This thesis discusses how we can empower application domain experts with pattern-oriented application frameworks, which can allow them to effectively utilize the capabilities of highly parallel manycore microprocessors and productively develop efficient parallel software applications. Our pattern-oriented application framework includes an application context for outlining application characteristics, a software architecture for describing the application concurrency exploited in the framework, a reference implementation as a sample design, and a set of extension points for flexible customization.
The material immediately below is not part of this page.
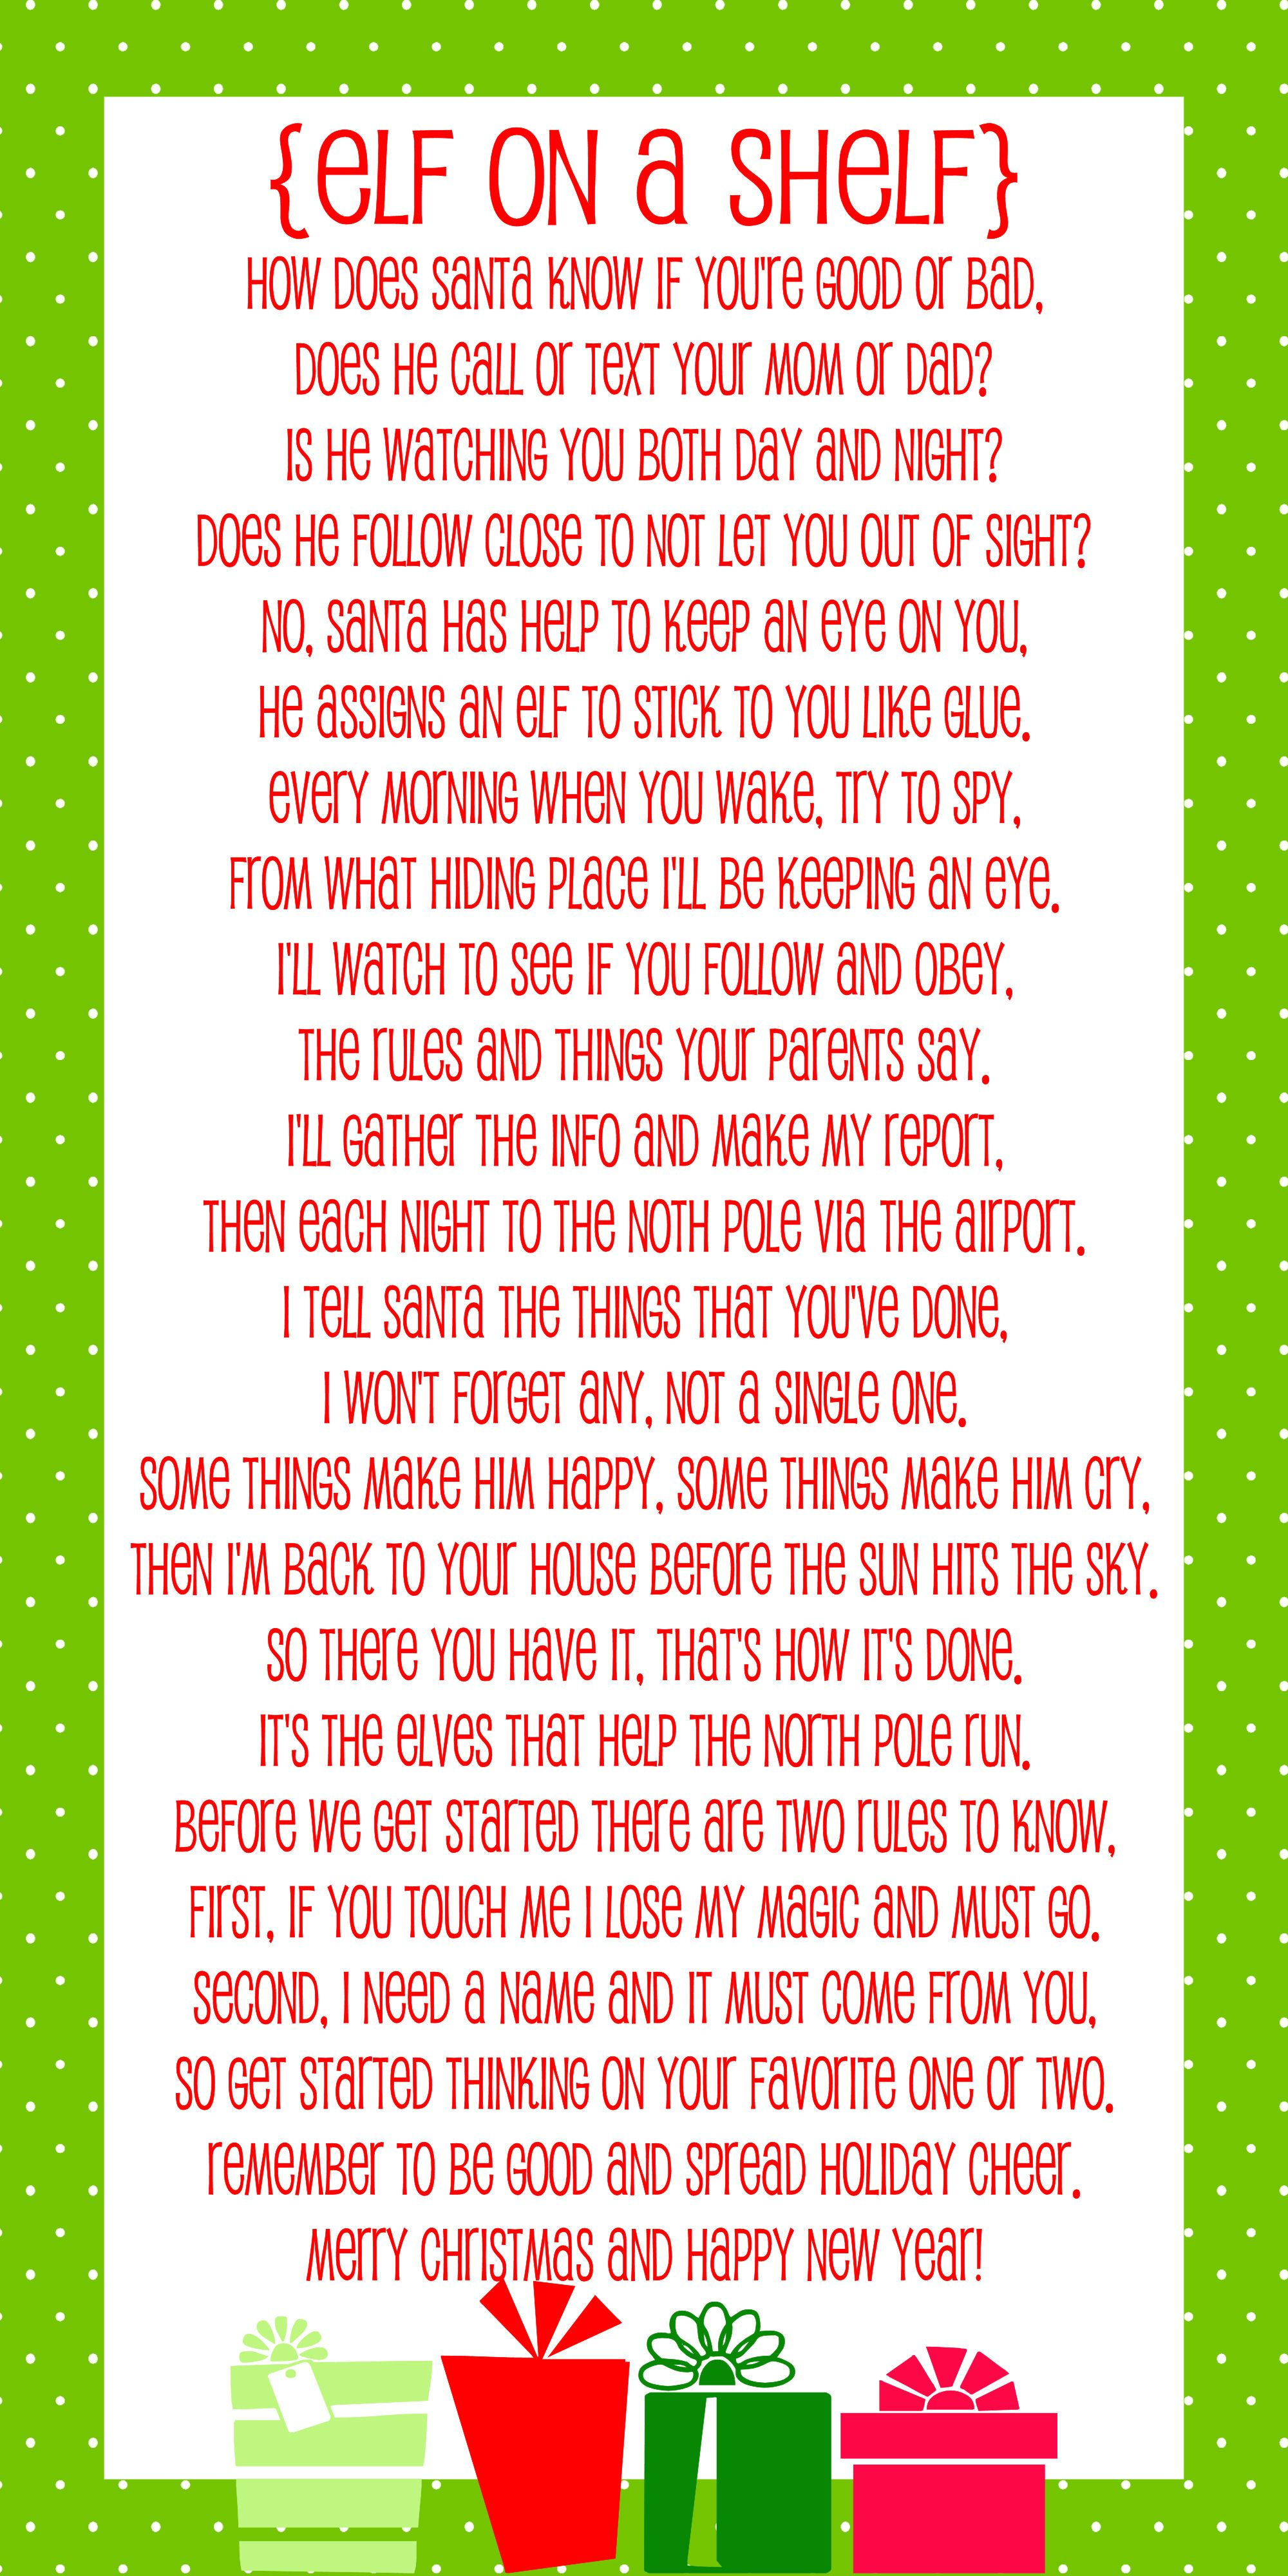 Elf On The Shelf Story - Free Printable Poem | Christmas | Elf On - Free Printable Elf On The Shelf Story

We studied the process of accelerating applications in the fields of machine learning and computational finance, specifically looking at automatic speech recognition (ASR), financial market value-at-risk estimation (VaR), and financial potential future exposure (PFE). We present a pattern-oriented application framework for ASR, as well as efficient reference implementations of VaR and PFE. For the ASR framework, we demonstrate its construction and two separate deployments, one of which flexibly extends the ASR framework to enable lip-reading in high-noise recognition environments. The framework enabled a Matlab/Java programmer to effectively utilize a manycore microprocessor to achieve a 20x speedup in recognition throughput as compared to a sequential CPU implementation.
Our pattern-oriented application framework provides an approach for crystallizing and transferring the often-tacit knowledge of effective parallel programming techniques while allowing for flexible adaptation to various application usage scenarios. We believe that the pattern-oriented application framework will be an essential tool for the effective utilization of manycore microprocessors for application domain experts.